What I’m saying is that if GPT+DPO creates imitation-based intelligences that can be dangerous due to being intentionally instructed to do something bad (“hey, please kill that guy” and then it kills him), then that’s not particularly concerning from an AI alignment perspective, because it has a similar danger profile to telling humans this. You would still want policy to govern it, similar to how we have policy to govern human-on-human violence, but it’s not the kind of x-risk that notkilleveryoneism is about.
So basically you can have “GPT+DPO is superintelligent, capable and dangerous” without having “GPT+DPO is an x-risk”. That said, I expect GPT+DPO to be stagnate and be replaced by something else, and that something else could be an x-risk (and conditional on the negation of natural impact regularization, I strongly expect it would be).
To the extent that I buy the story about imitation-based intelligences inheriting safety properties via imitative training, I correspondingly expect such intelligences not to scale to having powerful, novel, transformative capabilities—not without an amplification step somewhere in the mix that does not rely on imitation of weaker (human) agents.
Since I believe this, that makes it hard for me to concretely visualize the hypothetical of a superintelligent GPT+DPO agent that nevertheless only does what is instructed. I mostly don’t expect to be able to get to superintelligence without either (1) the “RL” portion of the GPT+RL paradigm playing a much stronger role than it does for current systems, or (2) using some other training paradigm entirely. And the argument for obedience/corrigibility becomes weaker/nonexistent respectively in each of those cases.
Possibly we’re in agreement here? You say you expect GPT+DPO to stagnate and be replaced by something else; I agree with that. I merely happen to think the reason it will stagnate is that its safety properties don’t come free; they’re bought and paid for by a price in capabilities.
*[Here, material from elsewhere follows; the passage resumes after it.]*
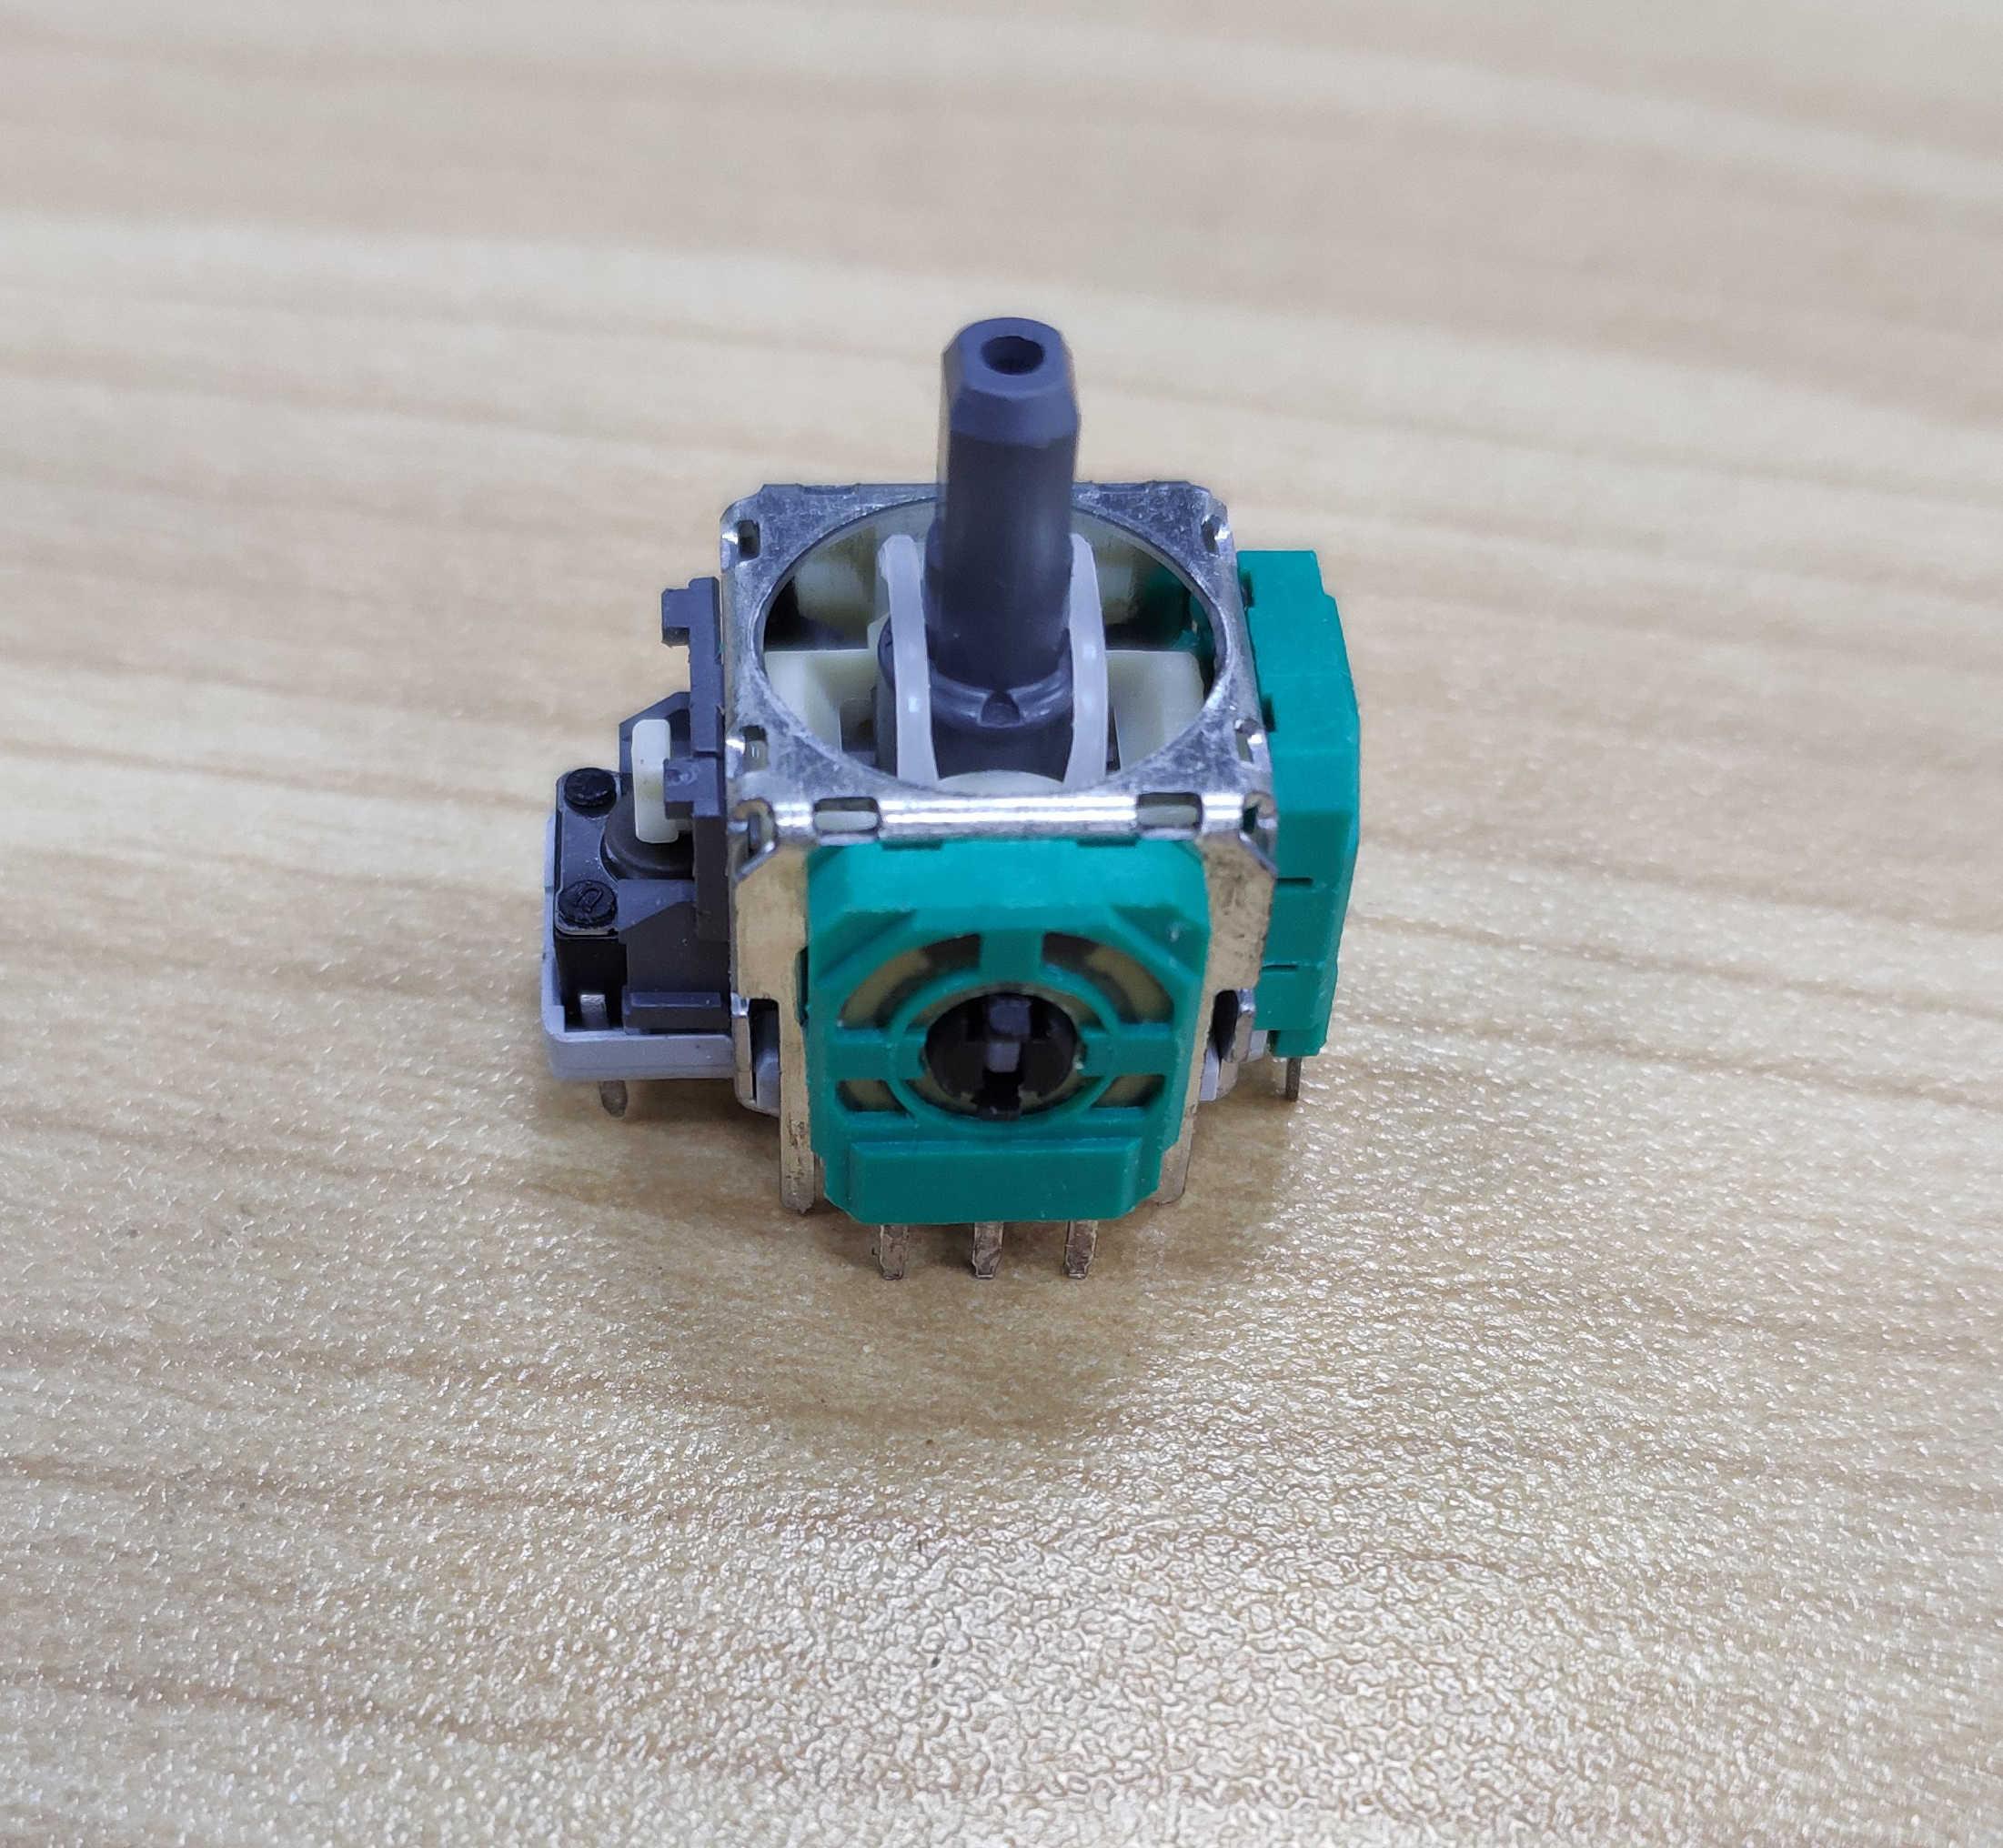 2pcs di Ricambio Originale parte 3D Joystick Analogico Thumb Stick Joystick Modulo Sensore Per Nintend Interruttore NS Pro controller joypad

Are we using the word “transformative” in the same way? I imagine that if society got reorganized into e.g. AI minds that hire tons of people to continually learn novel tasks that it can then imitate, that would be considered transformative because it would entirely change people’s role in society, like the agricultural revolution did. Whereas right now very few people have jobs that are explicitly about pushing the frontier of knowledge, in the future that might be ~the only job that exists (conditional on GPT+DPO being the future, which again is not a mainline scenario).
One core problem with AI is that it’s not just “people” who make up new things behind teh scenes but AI itself that will make up new things.